Marek wrote a fascinating story because that was his task. Marek gave his story a noble patina, suggesting the colloquial, simple language used, that the document is older and comes from the times of … Marek. It was written by someone with the strange Jewish manner of adding kai at the beginning of a sentence. And the lament over the Temple is to convince the reader that it really is an old document. All in all, simple tricks and effective at the same time. A product prepared in this way can be safely sold as the first gospel

“I suspect many of the early pagan converts to ‘Christianity’ were drawn from among these God-fearers.”
Do you think we could place the author of Mark among them, or at least, place him in a community originally formed around them (Mark is late enough he may have been a second-generation Christian)?
Do you think these were the gentiles that Paul principally drew his converts from?
Robert said:
I manually add the HTML codes. But, not to worry, you are not compelled to do so. If anyone is telling you now that you should or must use HTML codes, just tell them that Stephen never has from the beginning, even when it was much easier to do so. Even when everyone else was using the HTML codes automatically, no one ever compelled Stephen to do so. No one even expected him to do so. No one even brought up the issue.
Well there’s a first time for everything. Ha!
Actually I’m such an elitist and feel so full of entitlement that it offends my sensibilities to have to do it manually.
The recipients of his first letter to the Corinthians seems to have included some intellectual types, but they were not in the majority (cf 1,26).
Demonstrated by the fact that somebody in the community can read and write letters. Unfortunately friends the timeframe here, the first couple decades of the existence of the Jesus movement is what we know the least about. We can imagine how we think it might have happened but our facts are sparse. There does appear to be a pre-Pauline mission to the gentiles. Some of these early communities outside of Palestine appear to consist of both Jewish and gentile converts. Paul’s innovation seems to be that gentile converts do not need to be Torah observant to be part of the movement.
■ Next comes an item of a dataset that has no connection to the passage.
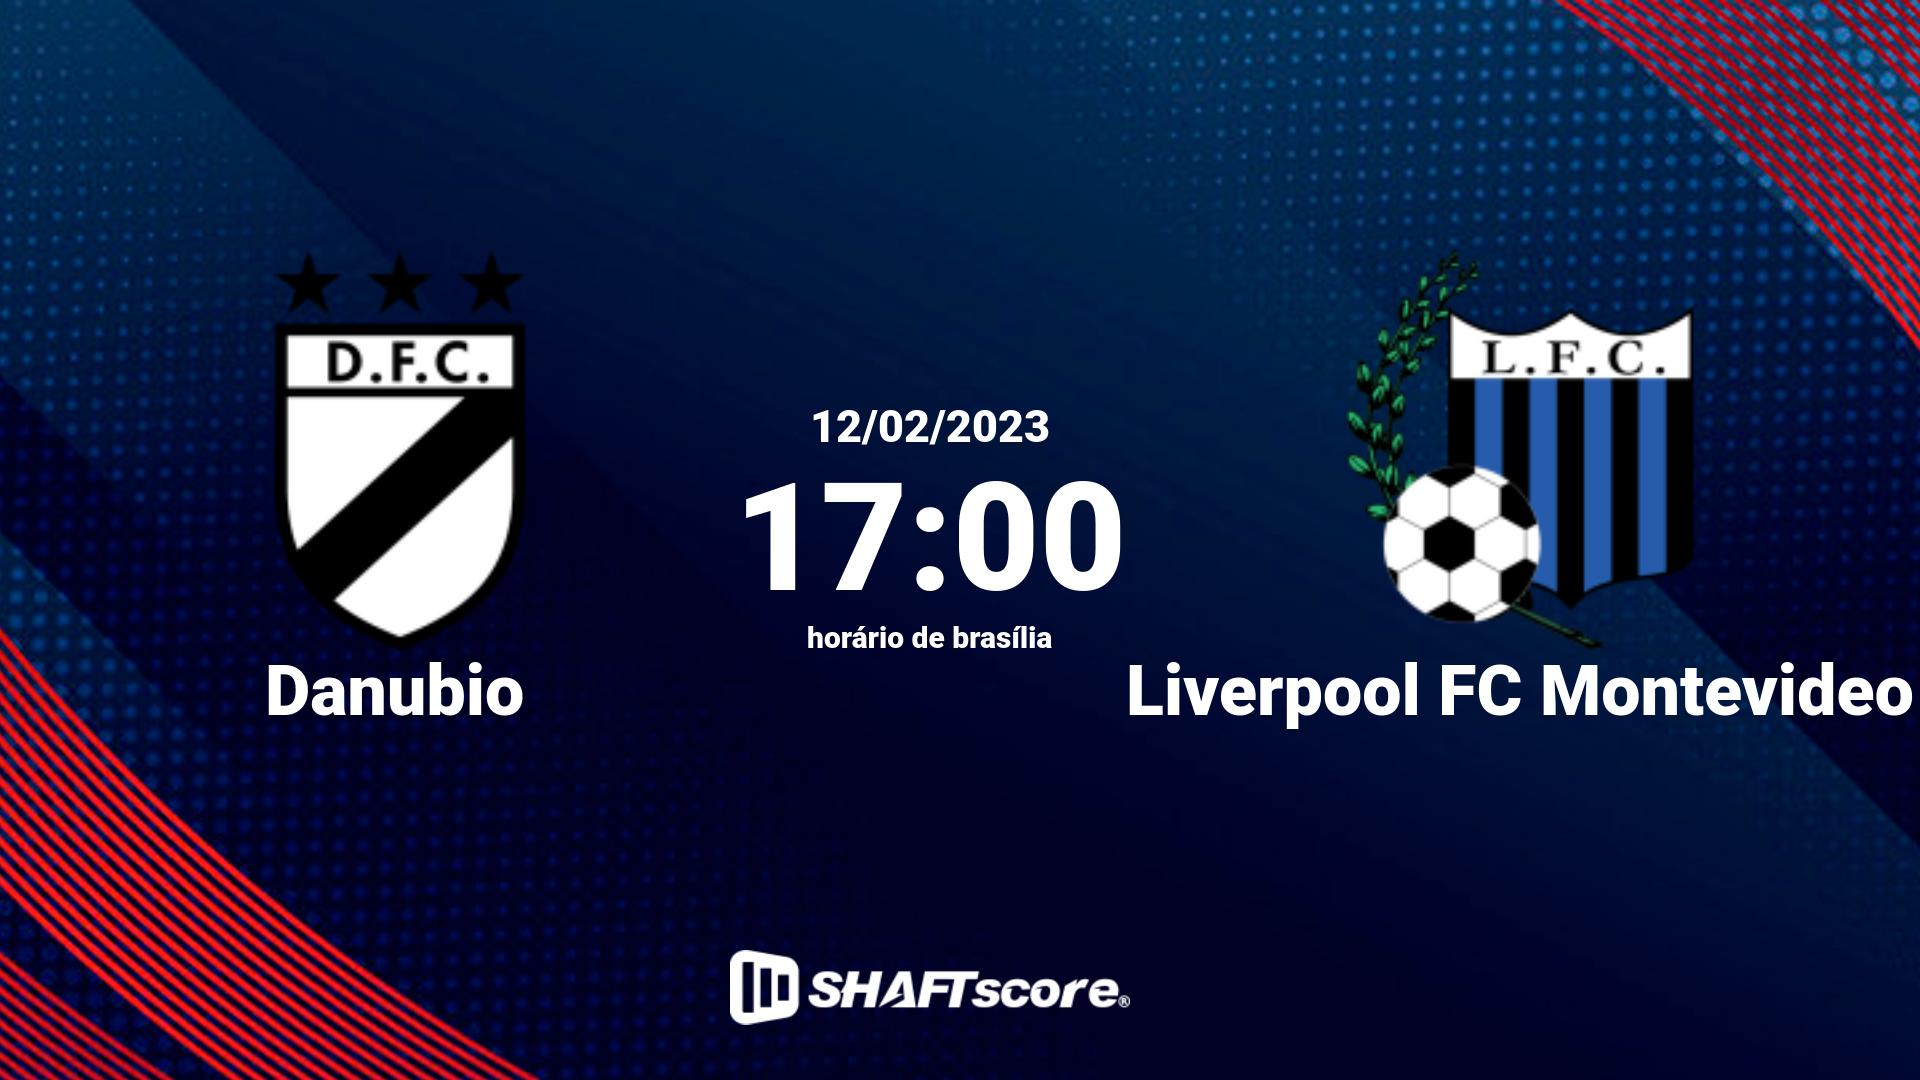 Estatísticas do jogo Danubio vs Liverpool FC Montevideo 12.02 17:00
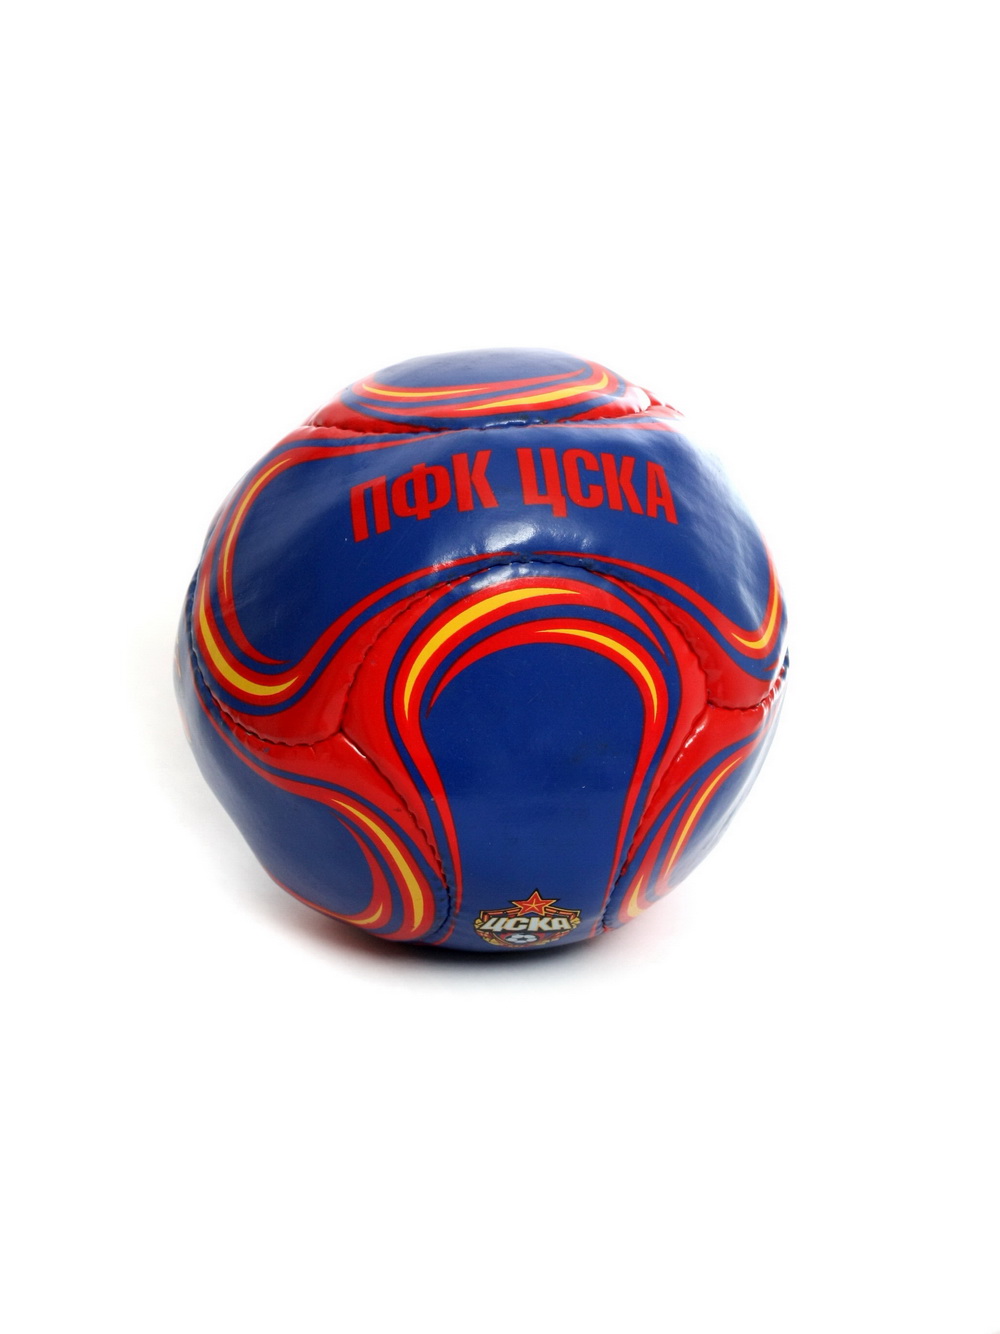 Мяч сувенирный красно-синий "Эмблема и талисман", размер 2

Fortran was my first experience in the first year of the Faculty of Electronics. Punched cards for the first couple of months, then terminals for the George III system on a mainframe called ODRA 1305. That was a great time, 1984 – I can’t remember it, but I’ll never forget it!

Gal 2 is devoted to the Council of Jerusalem, for a few reasons. First – to obtain confirmation of the correctness of Paul’s gospel and to conform exclussive rights to the uncircumcised market. Second to place Paul’s competitors in a invented for this purpose construct called circumcised Christianity. Third – to spread mere insinuations, some anxiety, about false brothers, about cicrcumcision party, James and Cephas. Nothing proves better the cunning of the author than Gal 2. A brilliant trick – he saw that his hero had no chance in a clash with other heroic figures – disciples and brother of Jesus, so he organized their joint meeting, later called the Council of Jerusalem.
The theme of the Council is developed by Luke in Acts 15, and you can see the complete dependence of his bizarre account on Gal 2. What is the difference between Gal 2 and Acts 15? The characters’ views are synchronized – Peter talks like Paul and Paul talks like Peter. And James has nothing to do with cicrcumcision party. Nice touch.
But not so right. Luke writing about the circumcision of Timothy in Acts 16:3 writes complete nonsense.
“Because there were some Jews who knew his father was Greek.” A complete aberration and a problem turned on its head. If Timothy tried and convinced the Jews that he respects Jewish laws and customs, that he limited contacts with his family and friends or relatives and adapted those contacts to halacha, only then someone would honor him and circumcise him. And anyway, some Jews would not recognize this fact and for them he would still be a gentile, only without the foreskin. Others, more open, would like to repeat the circumcision (a drop of blood), but they would not allow him to marry their daughters. Others would accept, and he could become their son-in-law. In the end there would be those who would say “You got circumcised? For what?”
This whole situation is fictional. Paul met with the pillars to show that his gospel was accepted by them unlike his flock which remained unclean. Why did he meet? Because he is in a lost position – there are direct witnesses, companions and the Lord’s brother. And he’s just a big mouthed guy after the epiphany.
Thanks to the meeting, he could say that he got what he wanted and claimed victory. Denying the figures of Cephas and James would be counter-effective because they already functioned in the religious imagination. So he got them into some nonsensical made-up Christianity so different from what he was offering. This Christianity lives only in him and in Luke, who later synchronizes our heroes in Acts.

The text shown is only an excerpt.